Advanced practice regsitered nurse Ashley Abt and Doctors’ Memorial Hospital CEO Lauren Faison-Clark in Perry, Florida. (Photo credit: Liam Fineout)
On the health care front lines in Florida these are the people who work to hold back the storm for hospitalized patients and nursing home residents.
The 2024 Atlantic Hurricane Season, which ends on Saturday, put many of them to the test.
Five hurricanes made landfall in the continental United States and two of them pummeled Florida just weeks apart.
Hurricane Helene hit as a Category 4 storm near the city of Perry in the early morning hours on Sept. 26. Helene was the strongest hurricane on record to strike the Big Bend region of Florida and, with more than 150 direct fatalities in the southeastern states, the deadliest hurricane to affect the continental United States since Hurricane Katrina.
Hurricane Milton made landfall on Florida’s west coast on Oct. 9 as a Category 5 hurricane.
Florida Hospital Association CEO and President Mary Mayhew said hospitals take storm planning and preparation seriously.
“You want hospitals before, during, and after a storm,” Mayhew told the Florida Phoenix. “But every hospital has to do a risk assessment based upon their physical plant, their location, and the number of patients that can be safely transferred, evacuated. All of that goes into consideration.”
At the height of Hurricane Helene, 98 health care facilities offering a range of services, from assisted living facilities to nursing homes to hospitals to residential treatment facilities, reported evacuations to the state. Of those, 27 were nursing homes, eight were hospitals, and one was a hospital emergency department.
At the height of Milton, 212 health facilities reported evacuations, including 10 hospitals, two freestanding hospital emergency departments, and 50 nursing homes.
Famous or infamous?
Lauren Faison-Clark is CEO of Doctors’ Memorial Hospital in Perry, a position she’s held for a year, and worked as interim CEO for the year before that. She’s been at the helm of the rural hospital for three storms in the past two years: Hurricanes Helene and Debby (which hit in August) and Hurricane Idalia (which hit Keaton Beach on Aug. 30, 2023.)
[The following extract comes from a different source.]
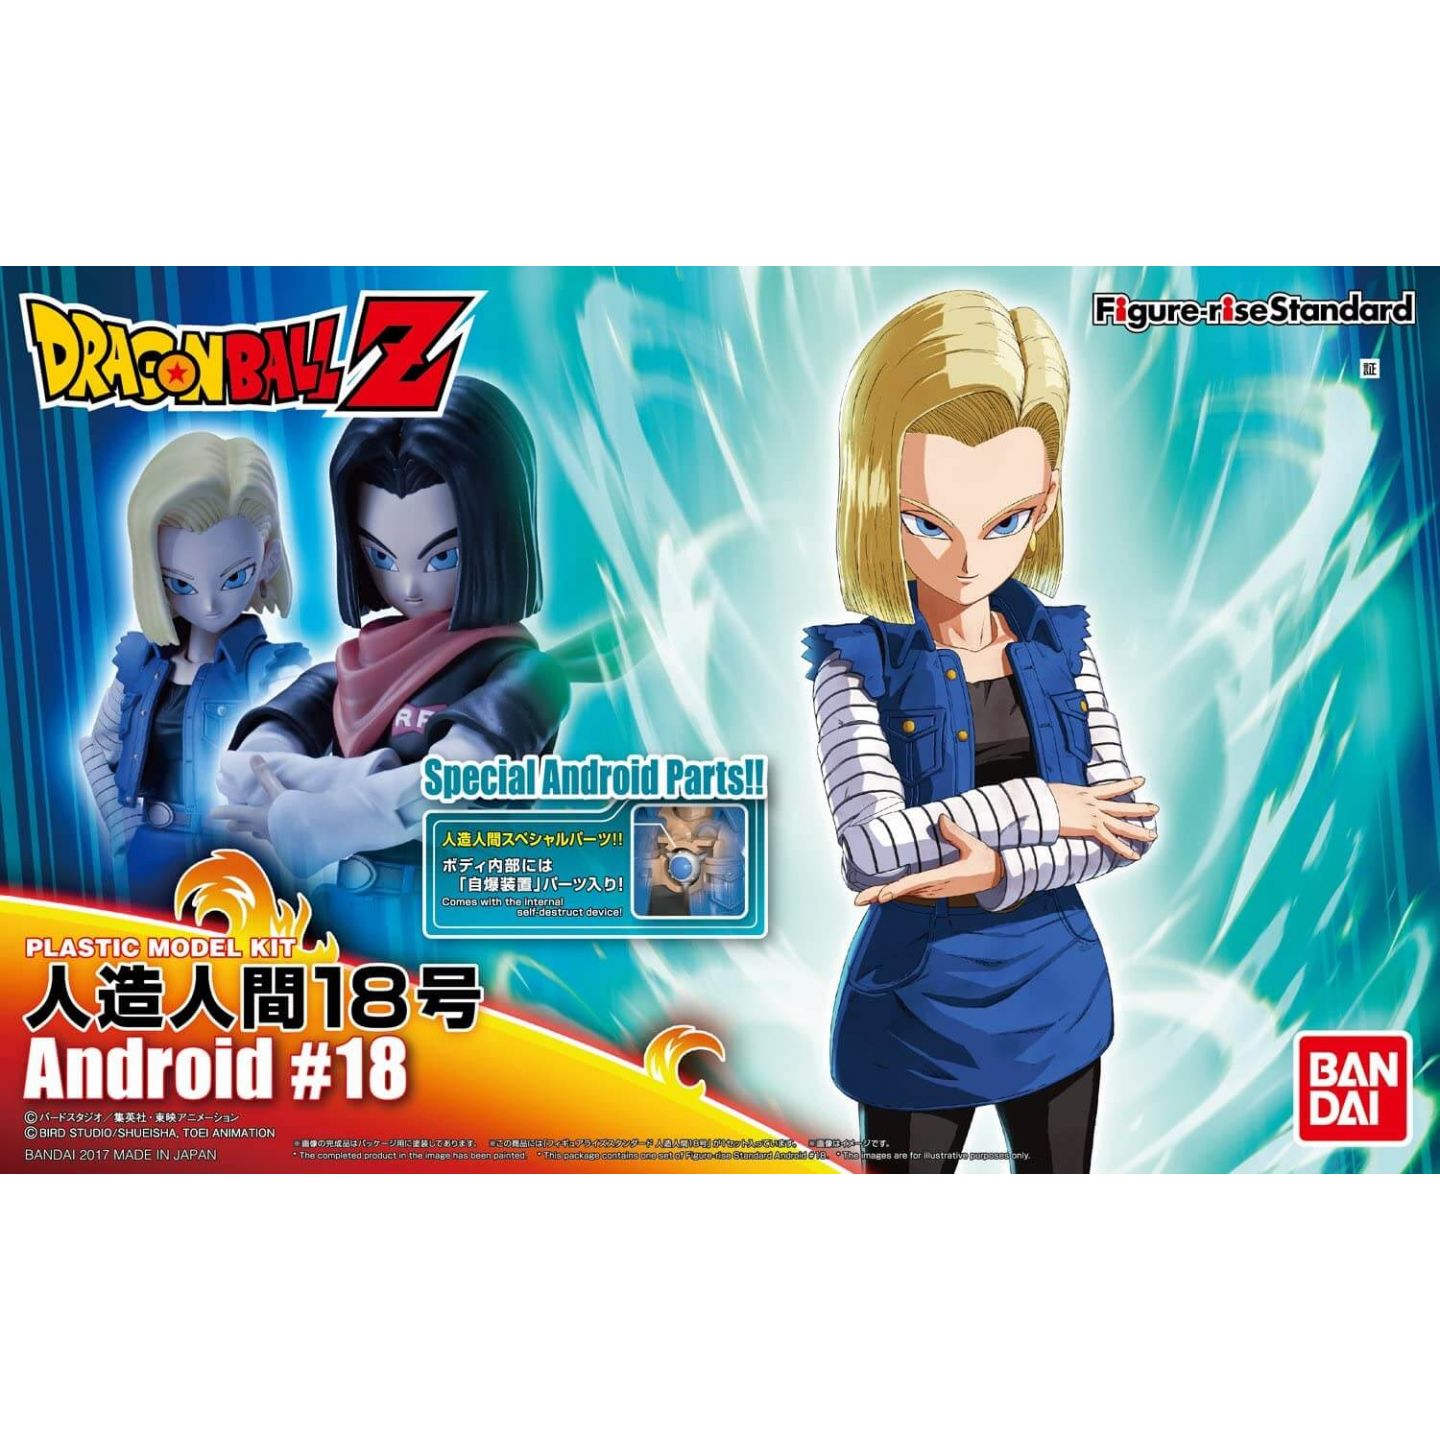 Details about   Bandai Figure-Rise Standard Dragon Ball DB GT ANDROID #17 Plastic Model Kit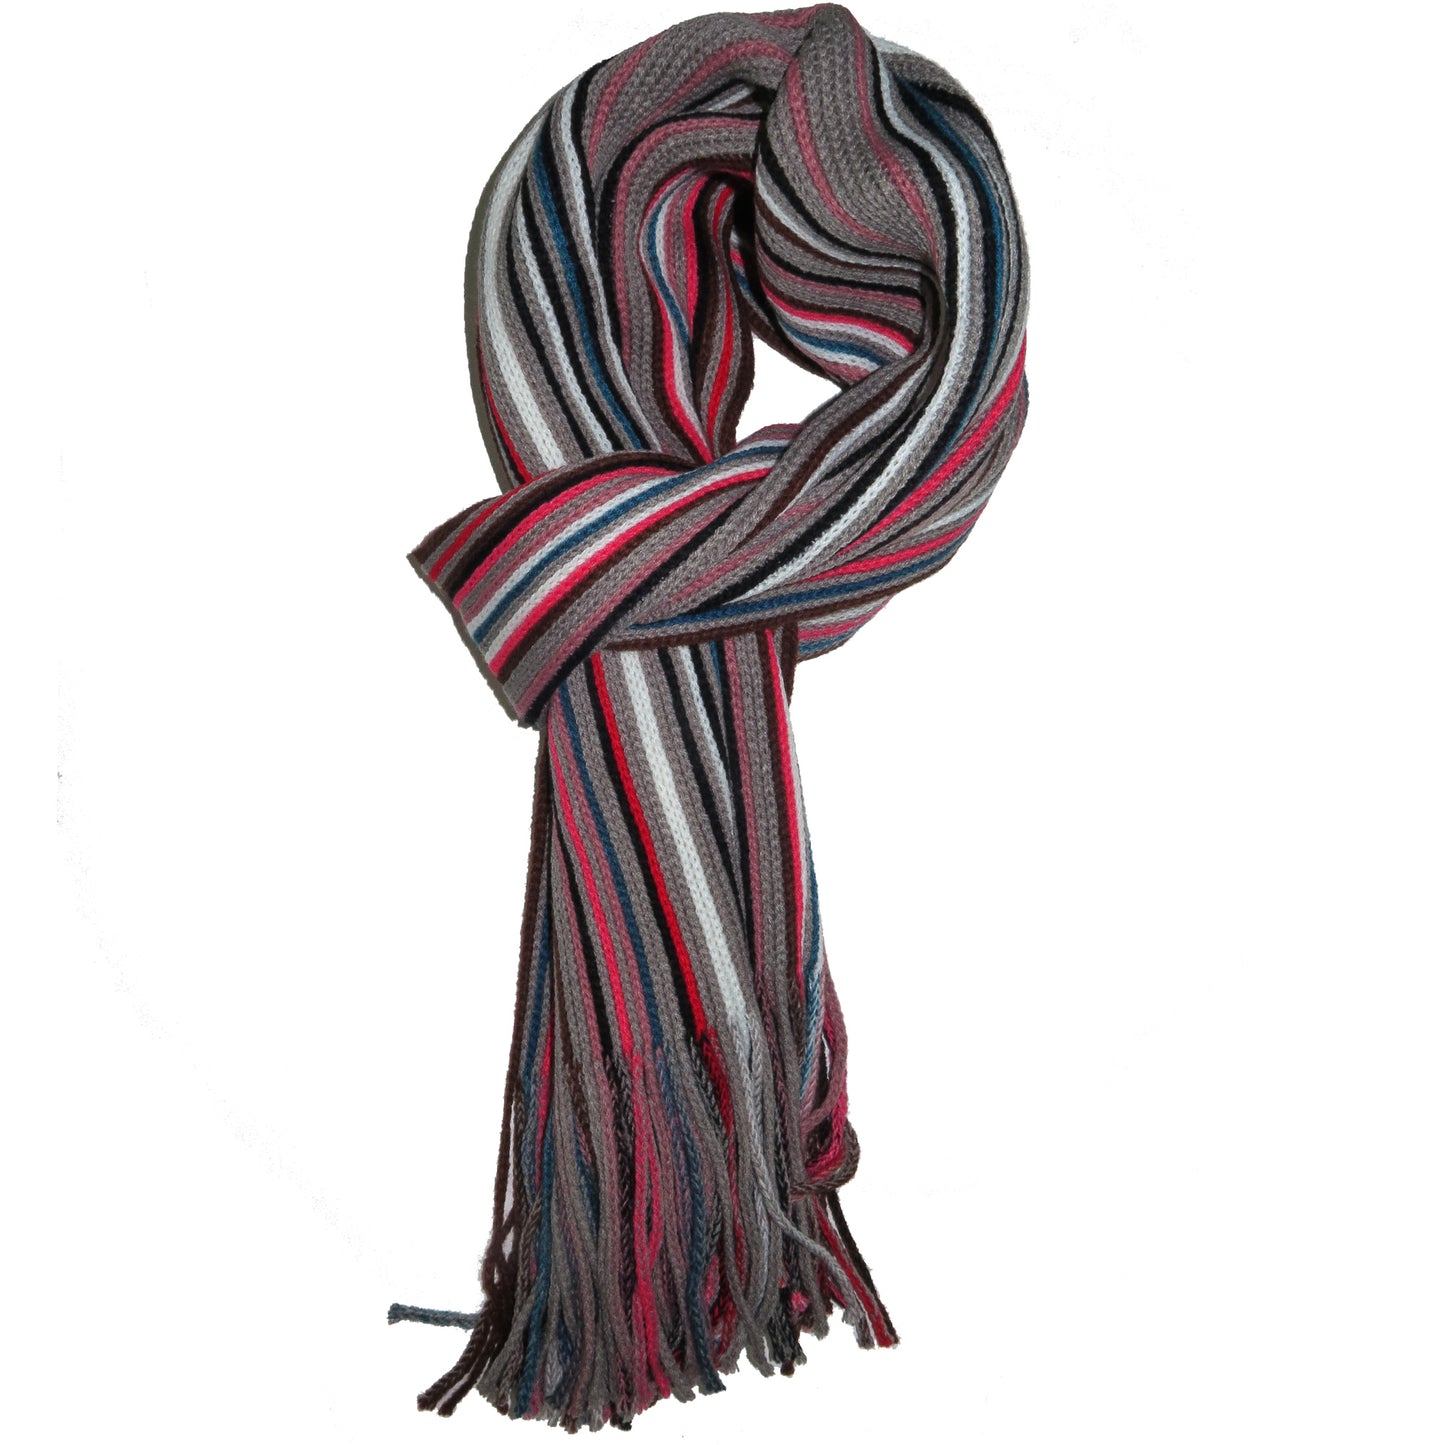 Striped Knit Scarf - Colorful and Warm

“I don’t think a lot of people across the country probably have even heard of Perry or Steinhatchee, Florida, but now we’re famous on The Weather Channel because of those three storms,” Faison-Clark told the Florida Phoenix. “And it’s, it’s weary. People are very weary. They’re very mentally tired.”
During hurricanes, Faison-Clark said, hospital staff are assigned to two categories: Group A and Group B. Both are tasked with coming to work when hurricanes approach. Staff are asked to arrive before winds exceed 35 miles per hour, which is when it becomes unsafe for people to drive.
Group A takes the first shift, 7 a.m. to 7 p.m., and Group B is asked to shelter in place at the facility so they are there to relieve Group A when that shift ends.
“As health care people do, they kick into gear and they pack up their bags, and you have your team show up for the storm. Some of them are nervous, some are scared, some of them are mad that they have to be here, but they do it,” Faison-Clark said.
Blown away
Ashley Abt joined Doctors’ Memorial Hospital as clinical director of the emergency room on Sept. 1. He and his wife, Noni, had taken steps to prepare their Keaton Beach home for Hurricane Helene. It’s a routine they have become familiar with.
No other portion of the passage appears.